Part one of this article, published in the January 2009 issue of Minnesota Employment Review, presented an overview of solvency issues facing the Unemployment Insurance (UI) Trust Fund in the U.S. Treasury. The UI Trust Fund is a series of accounts for each state and territory of the U.S., so the balance of the federal UI Trust Fund equals the sum of the balances of the 53 separate jurisdictions’ accounts. This article explores further developments in the UI Trust Fund and state balances with a focus on Minnesota.

The National Bureau of Economic Research identified December 2007 as the start of the current recession. The recession has taken a great toll on the UI Trust Fund and individual state balances. At the end of December 2007 the balance in the federal UI Trust Fund was $38.3 billion; by the end of 2008 it had shrunk to $30 billion. Minnesota’s UI Trust Fund was $529.2 million at the end of 2007 and slid to $496.1 million at the end of 2008.

At the end of 2007 only Michigan was in UI debtor status for $134.6 million. By the end of 2008 Michigan was joined by South Carolina and Indiana. Collectively, these states had borrowed $941.6 million from the Federal Unemployment Account (FUA). FUA is funded by a portion of the Federal Unemployment Tax Act (FUTA) levies on employers and serves as a revolving loan fund from which states may borrow when their trust funds are depleted.

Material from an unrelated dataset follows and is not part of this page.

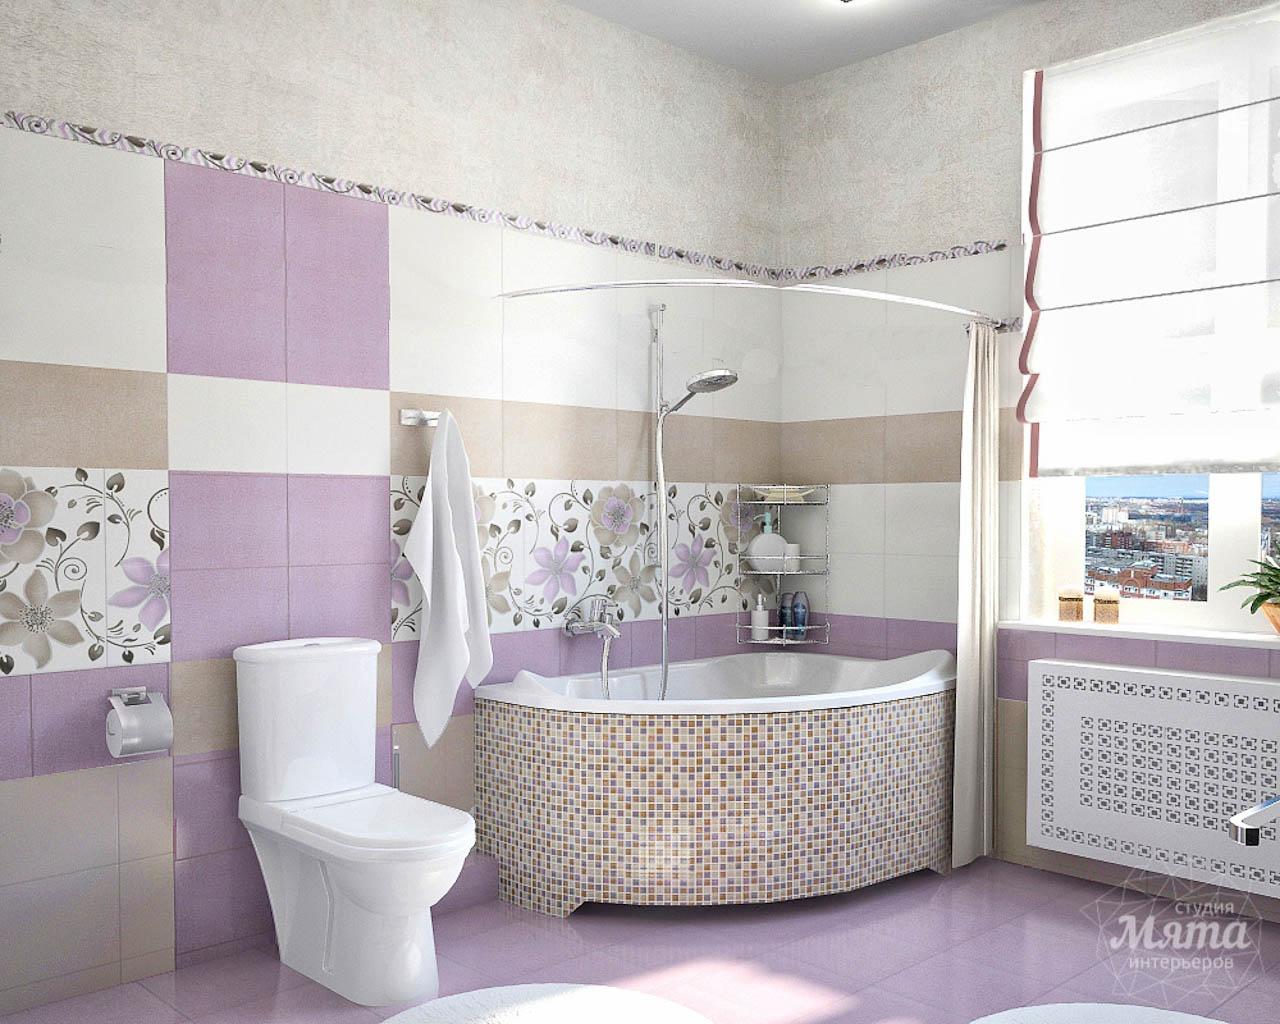 Дизайн интерьера и ремонт трехкомнатной квартиры по ул. Чкалова 124 img967064743

The first calendar quarter of 2009 brought an additional group of debtor states into the mix. New York and Ohio borrowed in January, followed by California, Kentucky, Missouri, North Carolina, and Wisconsin in February. Arkansas, New Jersey, Pennsylvania, and Rhode Island entered debtor status in March. By the end of March the combined debt total had risen to $7.56 billion.

The timing of ongoing UI benefit payments and tax receipts were factors in the debt increase to $9.96 billion at the end of April 2009. By the end of May partial loan repayments by some states had reduced the outstanding loan debt to $8.57 billion. Only Idaho joined the debtor fold in June, but the debt rose from $8.57 billion to $10.23 billion at the end of June. In July Illinois joined the debtor ranks; cumulative debt among the states rose to $12.7 billion.

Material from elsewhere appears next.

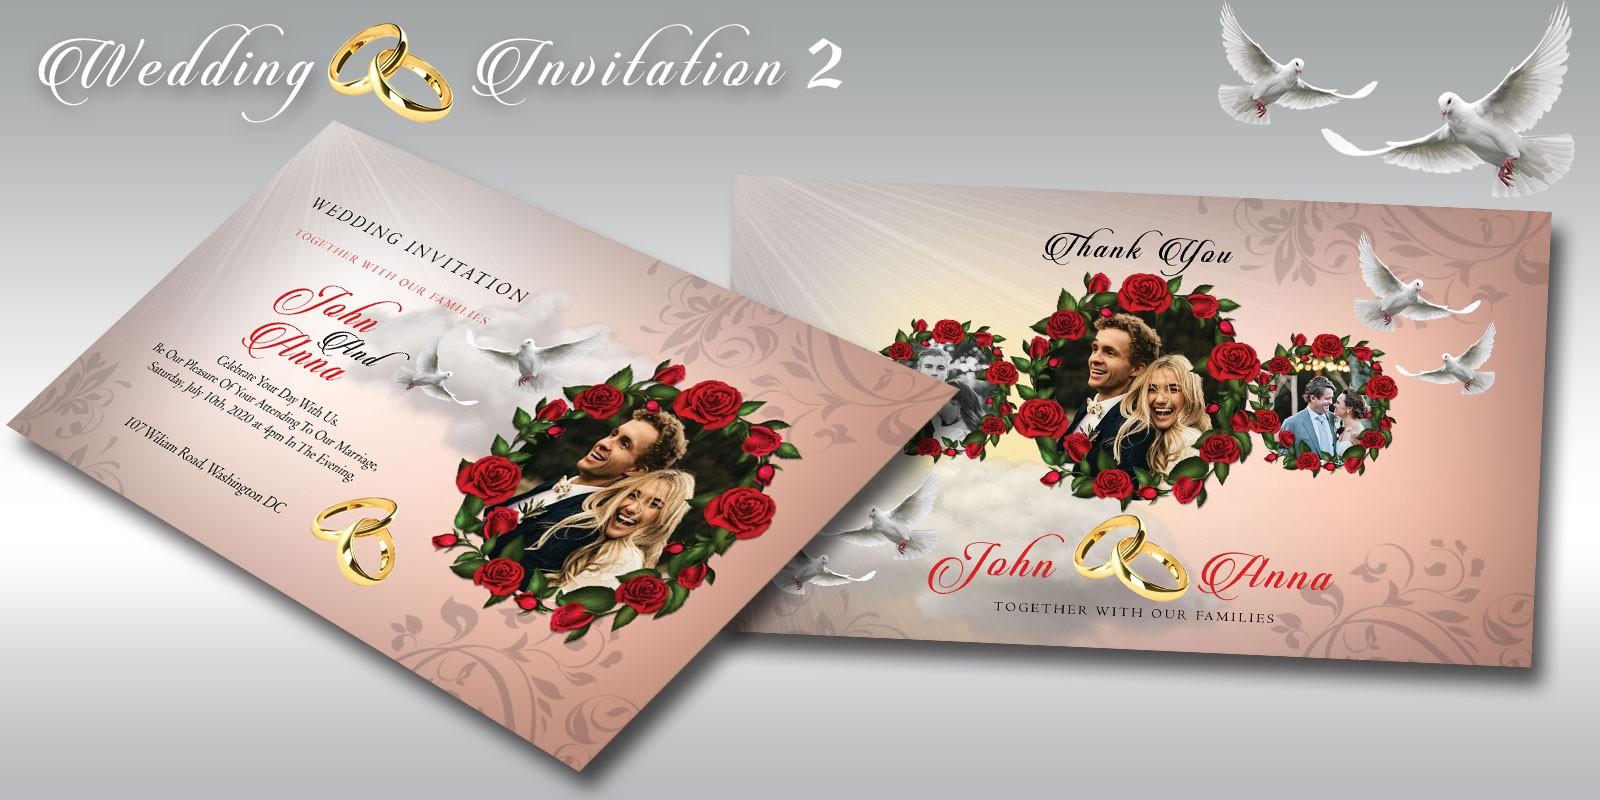 wedding invitation 2 flyer template miscellaneous print templates codester. Black Bedroom Furniture Sets. Home Design Ideas

Minnesota joined Florida, South Dakota, and Texas in moving to the ranks of debtors in August. The loan balance rose to $13.58 billion at the end of August. By the end of September, Arkansas and the Virgin Islands had joined the debtors’ group. As of September 15, 2009, the outstanding FUA loans had grown to $15.23 billion.

What factors set these borrowing states apart? One factor that some of these states share, particularly the first ones to join the ranks of debtor states, is their high concentration in automobile and auto parts manufacturing. Michigan, Wisconsin, Illinois, Indiana, Ohio, and Pennsylvania have been heavily involved in durable-goods manufacturing. The collapse of the auto industry hurt these states’ economies, straining and depleting their UI Trust Funds as more and more workers lost their jobs. We can also include Missouri, California, and Kentucky in the automobile and automobile parts manufacturing victims’ category.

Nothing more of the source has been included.